What you should do:
Make an exact transcript of the lines in the data below, starting with the one containing "Vitamix commercial" and going on through the one containing "The Hatfield Family: Baseball", with both included and the pictures left out.

Input:
%%

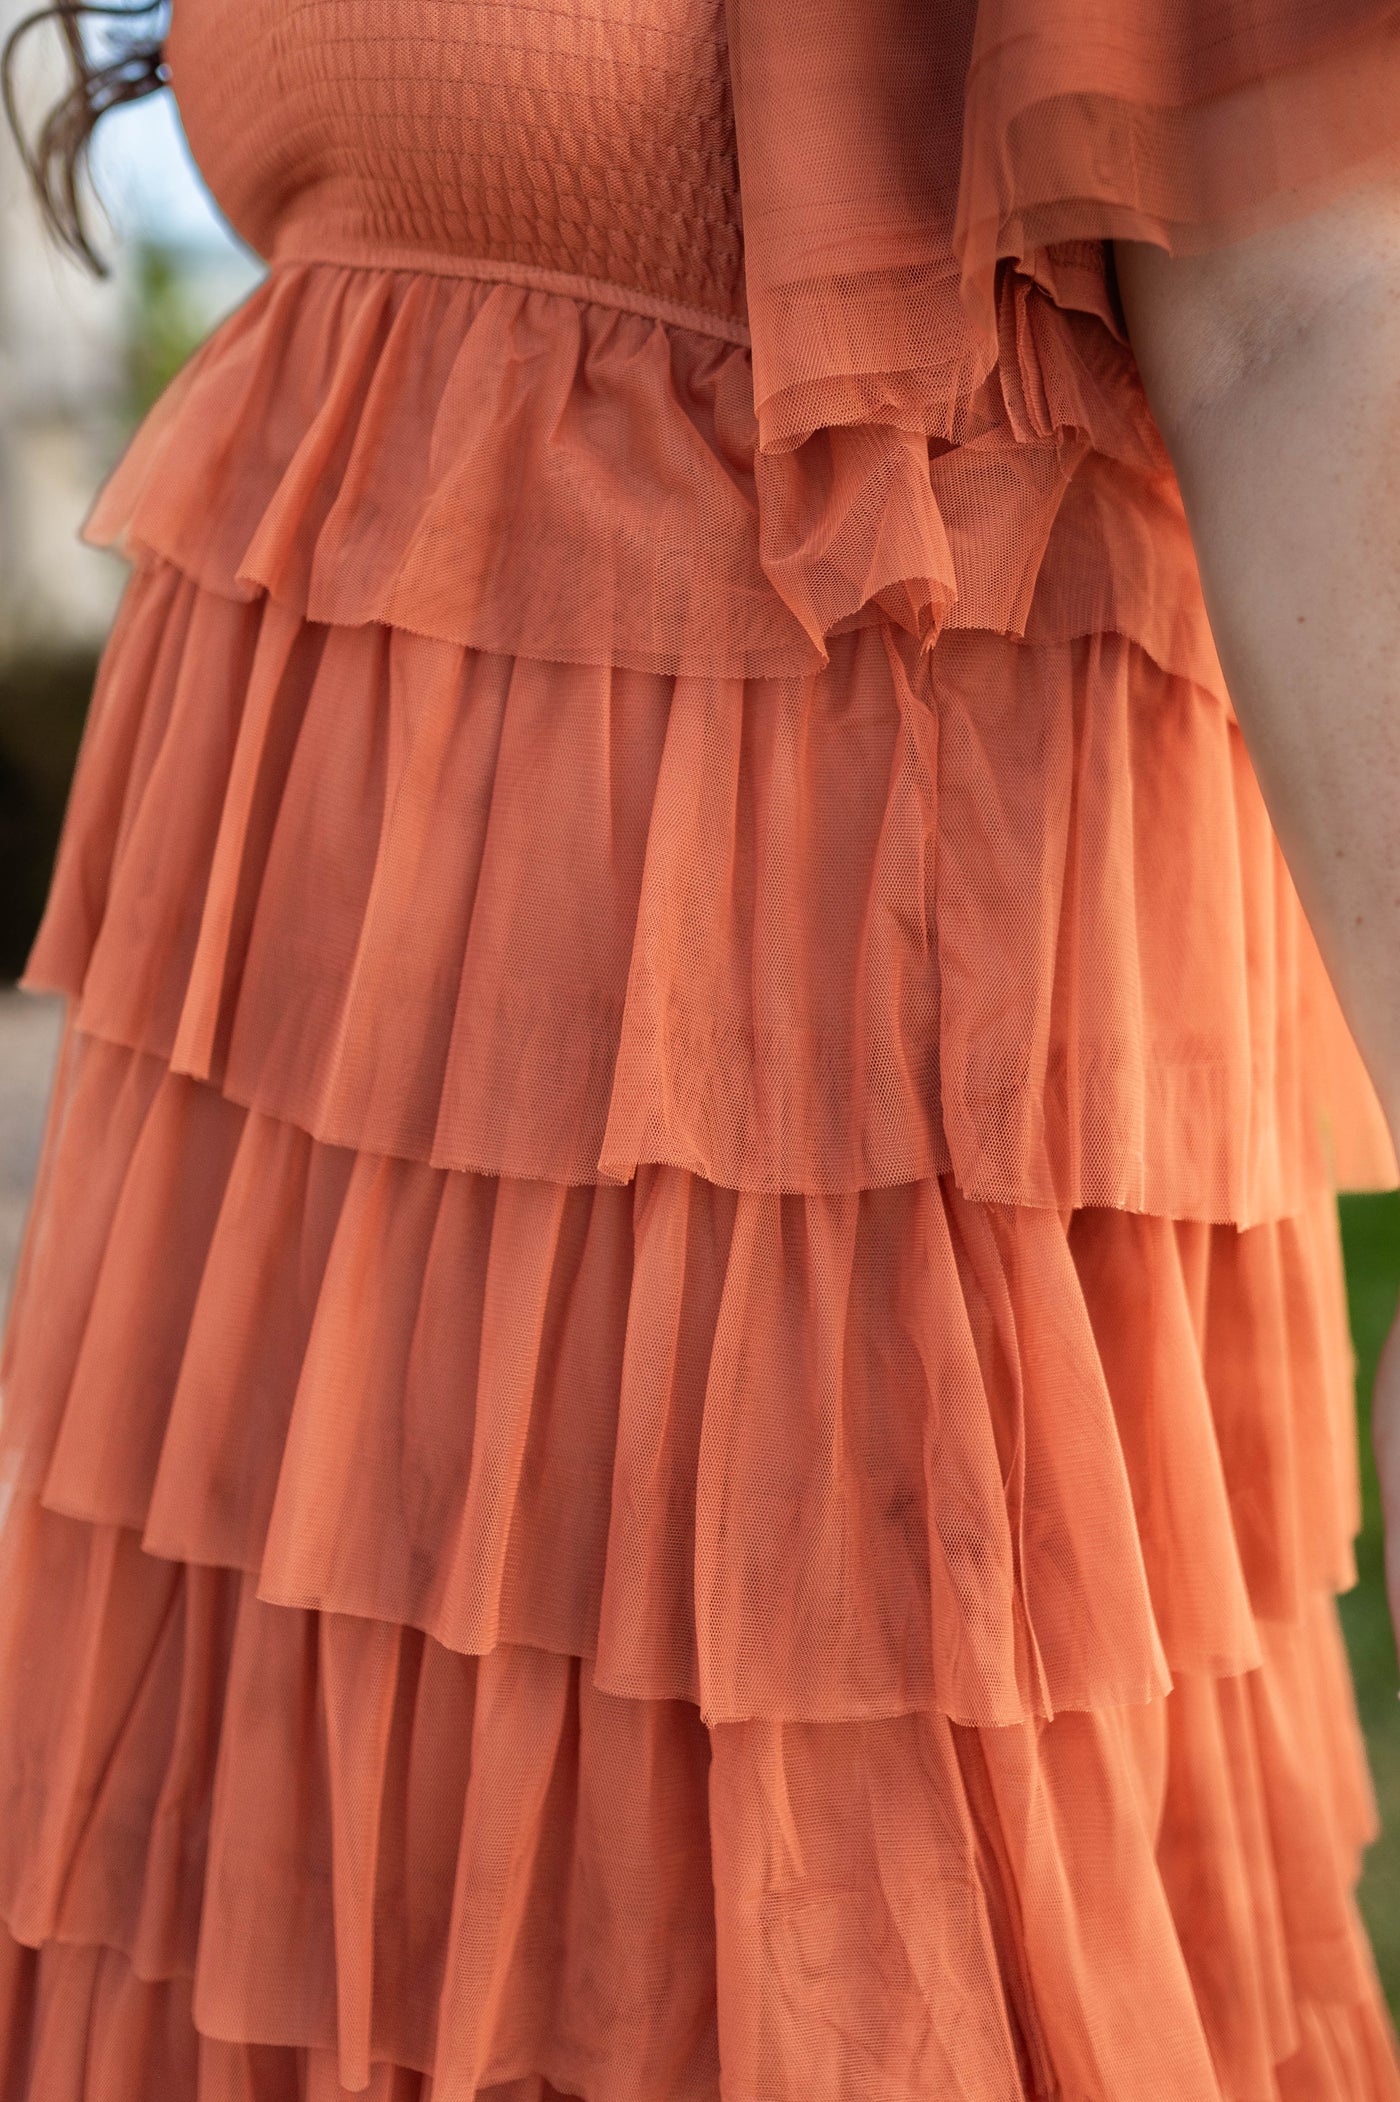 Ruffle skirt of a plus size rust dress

%%
%%

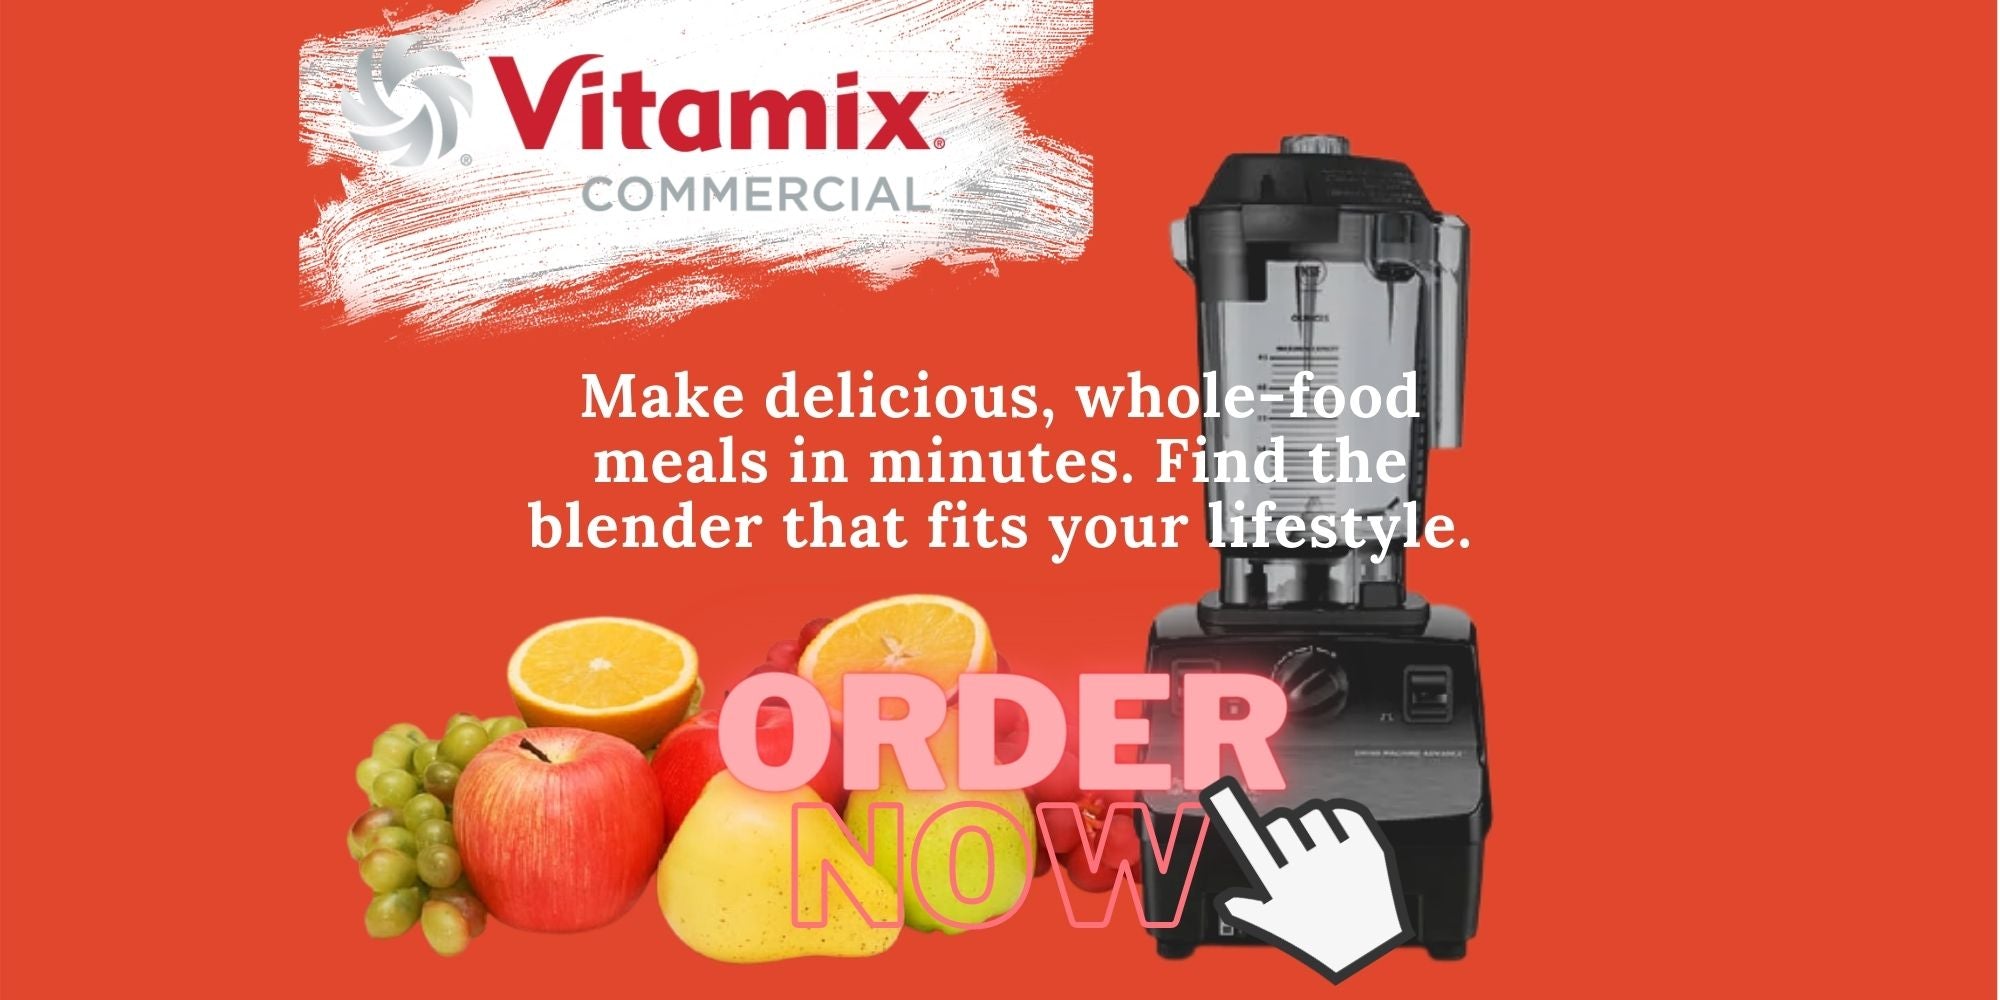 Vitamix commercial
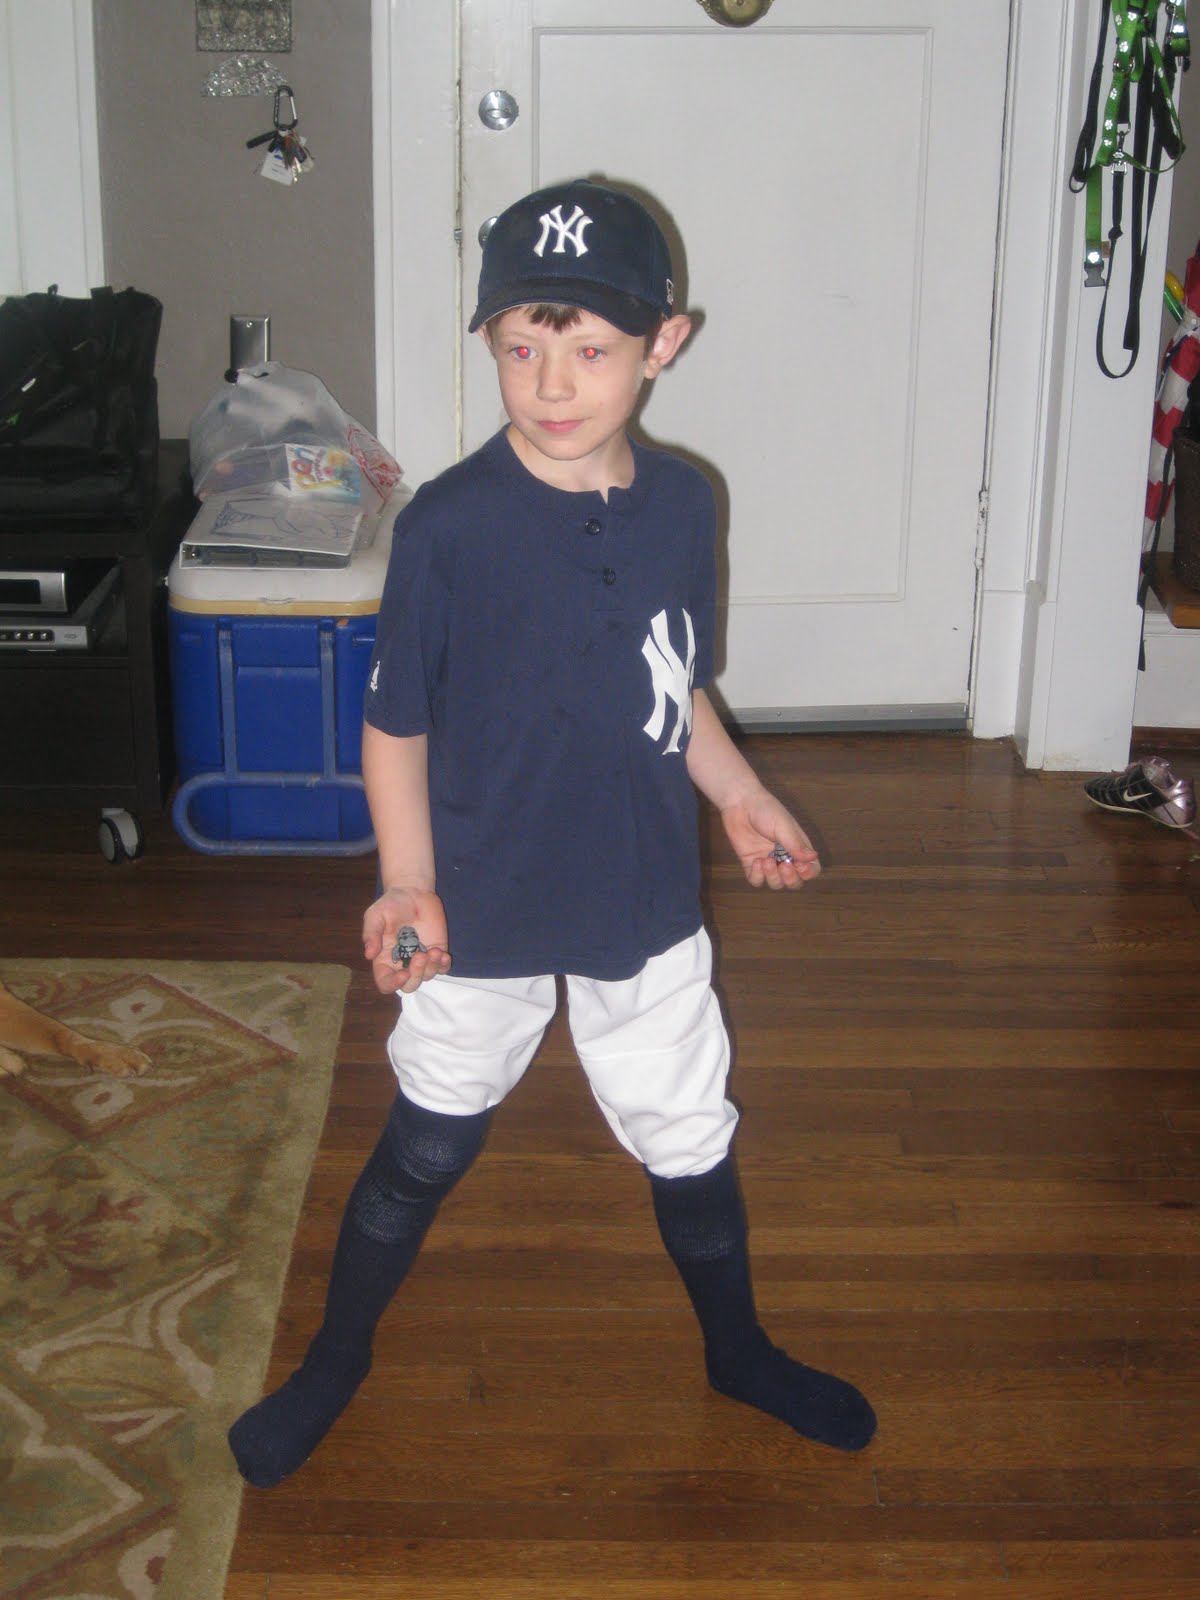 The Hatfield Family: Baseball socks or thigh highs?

%%

Response:
 Vitamix commercial
 The Hatfield Family: Baseball socks or thigh highs?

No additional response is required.